Wednesday 5 December 2007

turner prize liverpool - the greatest show on earth!

mark wallinger predictably but probably deservedly won the turner prize on monday night.

the turner prize is a bit of a hamstrung beast, a victim of its own success and reputation, with detractors on all sides: a circus freakshow of dubious content to outsiders and a spectacle of trumpet blowing hype to many insiders. despised and abused from all sides, the poor thing cant win, but as a snapshot of where art and visual culture are today and within the public domain, it remains invaluable.

as usual the predicable debate about art and its ‘relevance’, as well as the inevitable media circus surrounding this annual contemporary art prize, threatened to overshadow the actual work and merit of the artists and the aims of the exhibition as a whole - to explore, examine and evaluate the world we inhabit through the lens of the contemporary visual artist.


the turner prize is awarded to a british artist, or an artist from another country working in britain, under the age of fifty 'for an outstanding exhibition or other presentation of their work in the previous twelve months. it is intended to promote public discussion of new developments in contemporary british art and is widely recognised as one of the most important and prestigious awards for the visual arts in europe.'
http://www.tate.org.uk/liverpool/exhibitions/turnerprize2007/

the turner prize was hosted outside london for the first time in its history this year, at tate Liverpool, to mark the countdown to the city's status as european capital of culture for 2008. this in itself made the headlines. how on earth were the great and the good expected to get to a venue outside the capital to view the short listed artists? even worse, i cant help thinking, how were they supposed to enjoy the parties, the wine and the canapés, if they were being held somewhere up north in the middle of nowhere...liverpool, for god's sake!
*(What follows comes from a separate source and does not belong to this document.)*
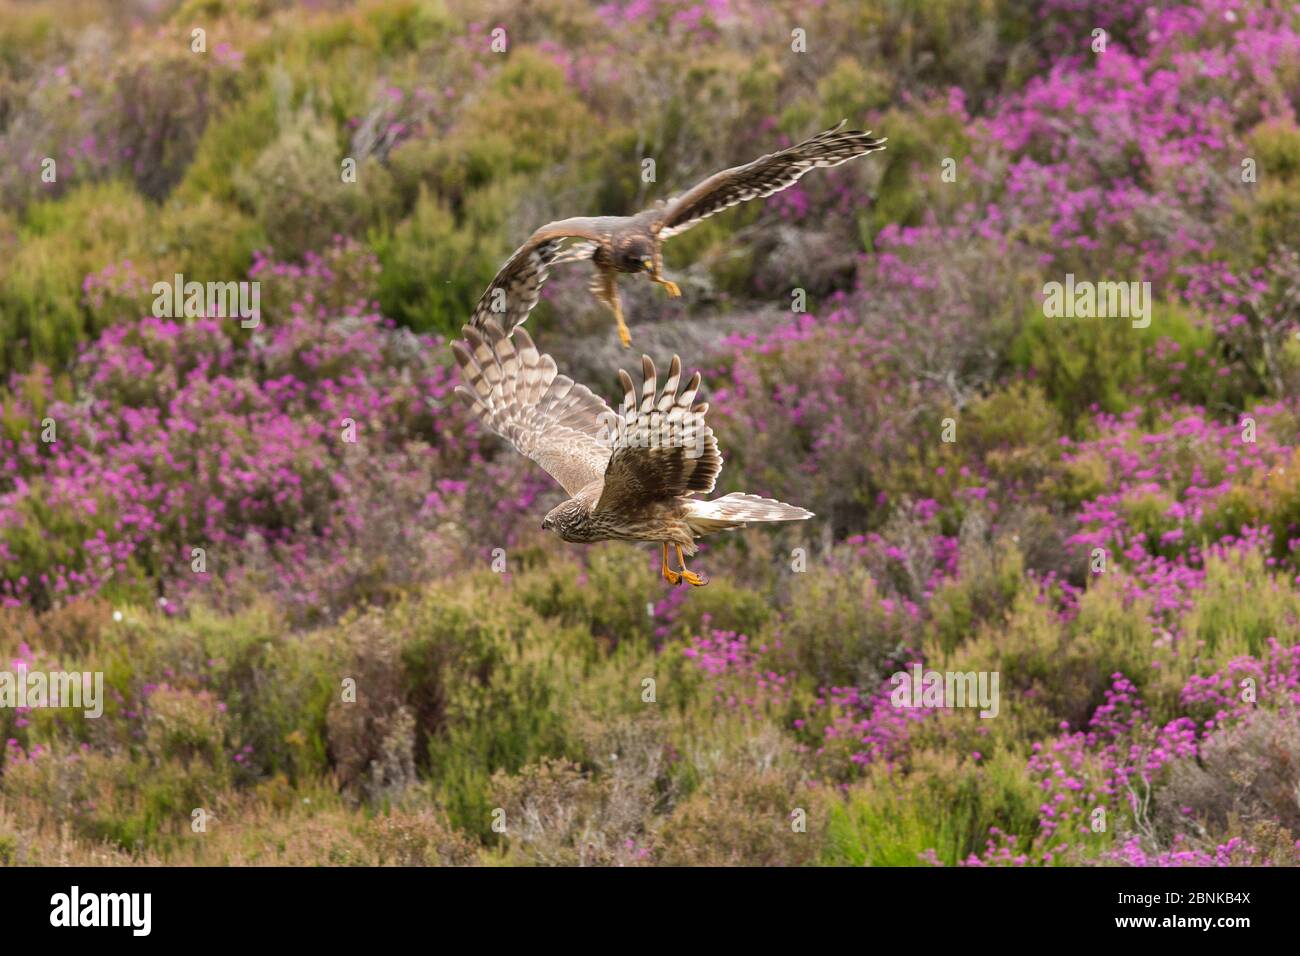 Hen Harrier (Circus cyaneus) adulte femelle et poussin à part récente dans l'habitat des landes, Écosse, Royaume-Uni. Juillet. Banque D'Images

the controversy about location exhausted, there followed the usual rantings and bleatings about the shortlisted artists, mark wallinger in particular; at 48 the oldest recipient of the prize so far, and only just elegible. previously he was perhaps best known for ecce homo, his resin sculpture of a very human Christ crowned with thorns, a veritable everyman, commissioned for the 4th plinth in trafalgar square - a visit to the following guardian slideshow places his Christ in the context of other 4th plinth artists: http://arts.guardian.co.uk/pictures/image/0,8543,-10204720077,00.html

but it is his most recent work, 'state britain', the work for which he was nominated, that raised the usual gamut of misunderstandings about the nature of contemporary art today, even though due to the specific rules of the turner prize, the piece actually exhibited would be the 2004 'sleeper', better known as 'the dancing bear'. a 2 and a half hour film of the artist wandering around the empty berlin nationalgalerie by night dressed in a bear suit, it is exactly the sort of modern art that exasperates and bewilders the archetypal daily mail reader, egged on by the paper’s ‘sensible man in the street’ style editorials.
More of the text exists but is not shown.